Aside from all that, however, I can see no objection to the bank taking additional security upon the sap peeled pulpwood at the time of the renewals of the $8,000 note. If the bank holding pledged pulpwood as security for the notes, substitutes for these notes renewals from time to time, without, however, receiving actual payment, the whole series of notes and renewals form links in the chain of liability, which is secured by the pledged pulpwood. Although as a matter of book-keeping the bank may have treated the first notes, and the subsequent substituted notes, as paid by the application of the proceeds from time to time of the renewals, there is no payment in fact of the notes for which the security was given.

The facts of the transactions between Atkinson and the bank are not really in dispute here; it is the legal effect of those transactions that is the question. The bank had before it the contracts between Atkinson and the defendant company, and therefore knew that the company as purchaser of the pulpwood under the contracts, would, when the liens and charges against it were discharged, become its owner. In its negotiations with Atkinson the bank was not acting in the dark or behind closed doors, but on the contrary kept the defendant fully informed of every step in the negotiations. I think one would be justified in saying that the company knew as much of what was going on between the bank and Atkinson as did the bank itself. That I think is so fully demonstrated by the mass of documentary evidence which was introduced at the trial, that I see no reason for further referring to this phase of the case.

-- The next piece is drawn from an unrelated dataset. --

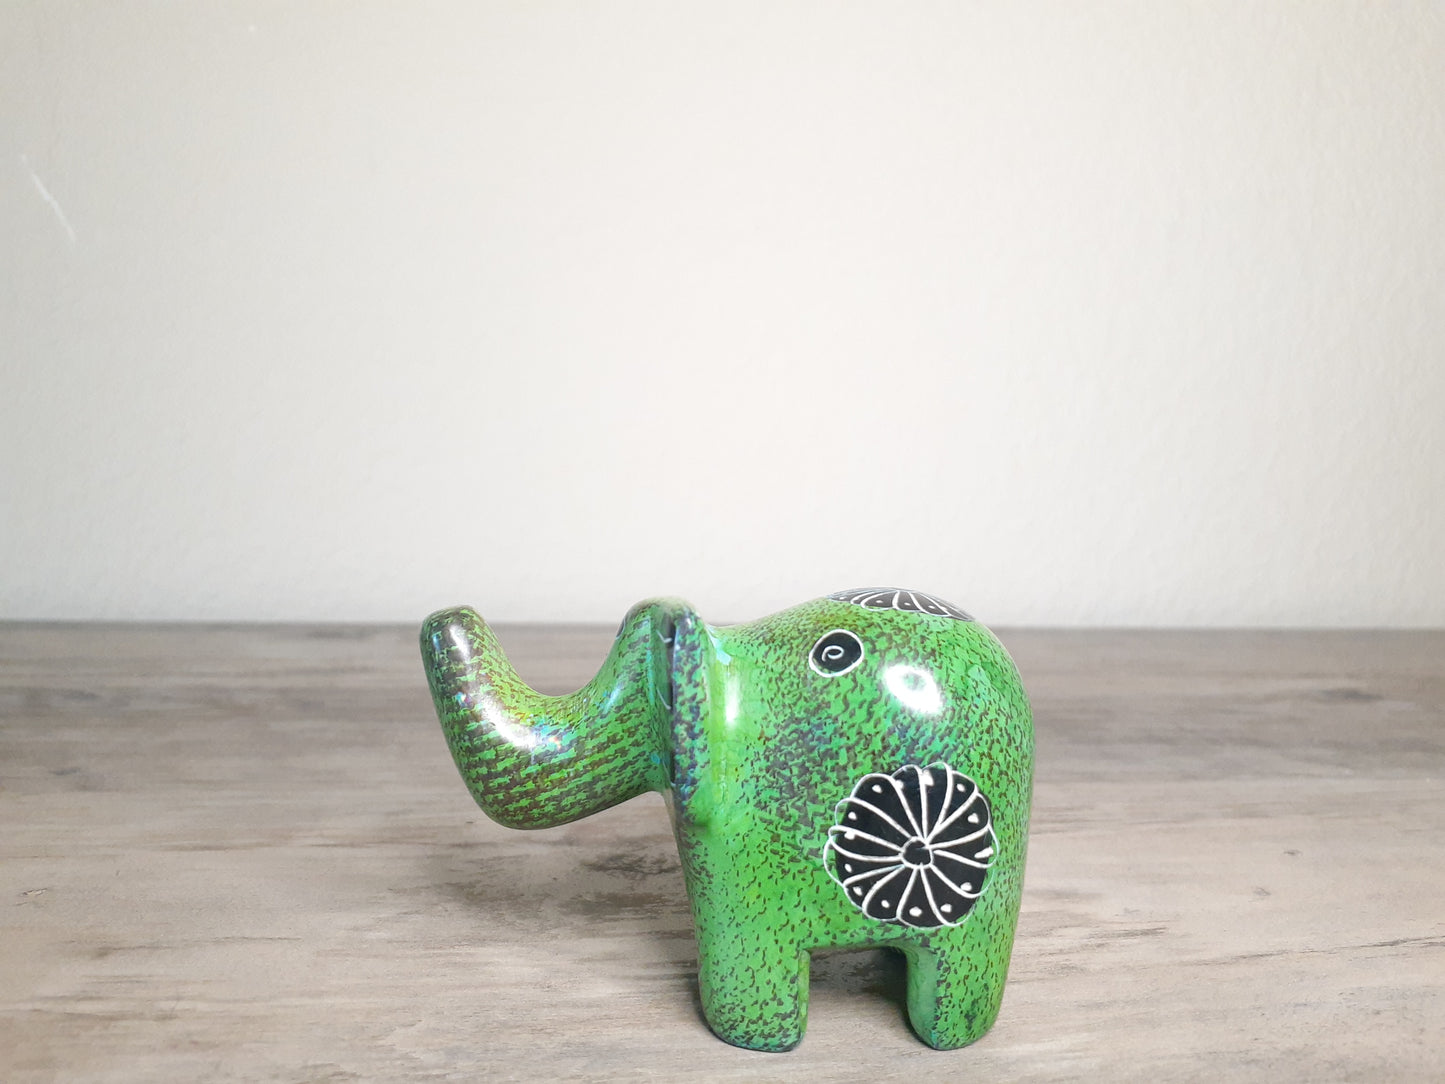 Colorful Elephant Sculptures

I have no hesitation in holding, for my part, that upon the undisputed facts as disclosed by the evidence, Atkinson must be treated as the owner of the pulpwood when it was cut, within the meaning of s. 88 of the Bank Act, and that his assignments to the plaintiff Bank were valid thereunder. This being so, and the Bank having kept the defendant fully informed of every step in its negotiations with Atkinson, as the learned trial judge has found, I cannot understand upon what ground the defendant’s claim can be justified that it has a right to deduct from the advances made by the Bank any moneys which it (the defendant) paid to Atkinson or to anybody else for supplies, wages, stumpage or any other purpose in pursuance of the terms and conditions of its agreement with him.

I would allow the appeal and restore the trial judgment with costs throughout.

Davis, J.—The transactions out of which this litigation arose were carried on throughout their various stages by the parties to this litigation and one Atkinson, with whom both parties were dealing, in such a loose and unbusinesslike manner as necessarily to create a state of facts which now involves difficult questions of law. And the evidence at the trial was not in any way developed to lessen the manifest difficulties and confusion.

[Page 201]

The respondent, Port Royal Pulp & Paper Company Limited (hereinafter for convenience referred to as the Port Royal Company) carried on, as its name implies, a pulp and paper business in the province of New Brunswick. One of its sources of supply for pulpwood appears to have been the standing timber in what is commonly called the Lawrence flowage in Charlotte county in the said province held under licence to cut from the Crown by another New Brunswick company, New Lepreau Limited. There is so little evidence in the case directed to the narrative and the really material facts (the Crown timber licence is not even produced) that the Court is driven to conjecture to a large extent as to what really occurred. It is plain that prior to the transactions involved in this litigation New Lepreau Limited had acted as a contractor in taking out wood from its limits for the Port Royal Company. Atkinson and the Port Royal Company were the owners of practically all of the shares of New Lepreau Limited. What is a common practice in the woods operations of large pulp and paper companies in this country was no doubt adopted by the Port Royal Company, that is, to engage a contractor to cut, haul and deliver pulpwood to the mill rather than do the work by servants or employees of the company, because of practical business considerations in dealing with the woods operations in that way. In this case, the Port Royal Company and Atkinson (although we are told nothing about it) may have incorporated and organized New Lepreau Limited, and very likely did, for that very purpose. All we know is that Atkinson held 247 shares and the Port Royal Company 241 shares out of a total issued capital stock of 490 shares. Why the Crown timber licence to cut was not taken in the name of the Port Royal Company rather than in the name of New Lepreau Limited is not explained. The common practice in this country undoubtedly is for the large pulp and paper mills to acquire their own timber limits from the Crown upon which to cut timber for the supply of wood to their mills and then to let out to different contractors the cutting and delivery of the wood to the mills. All that is plain in the evidence is that the timber involved in this case was cut upon Crown land in respect of which New Lepreau Limited held a licence to cut.

[Page 202]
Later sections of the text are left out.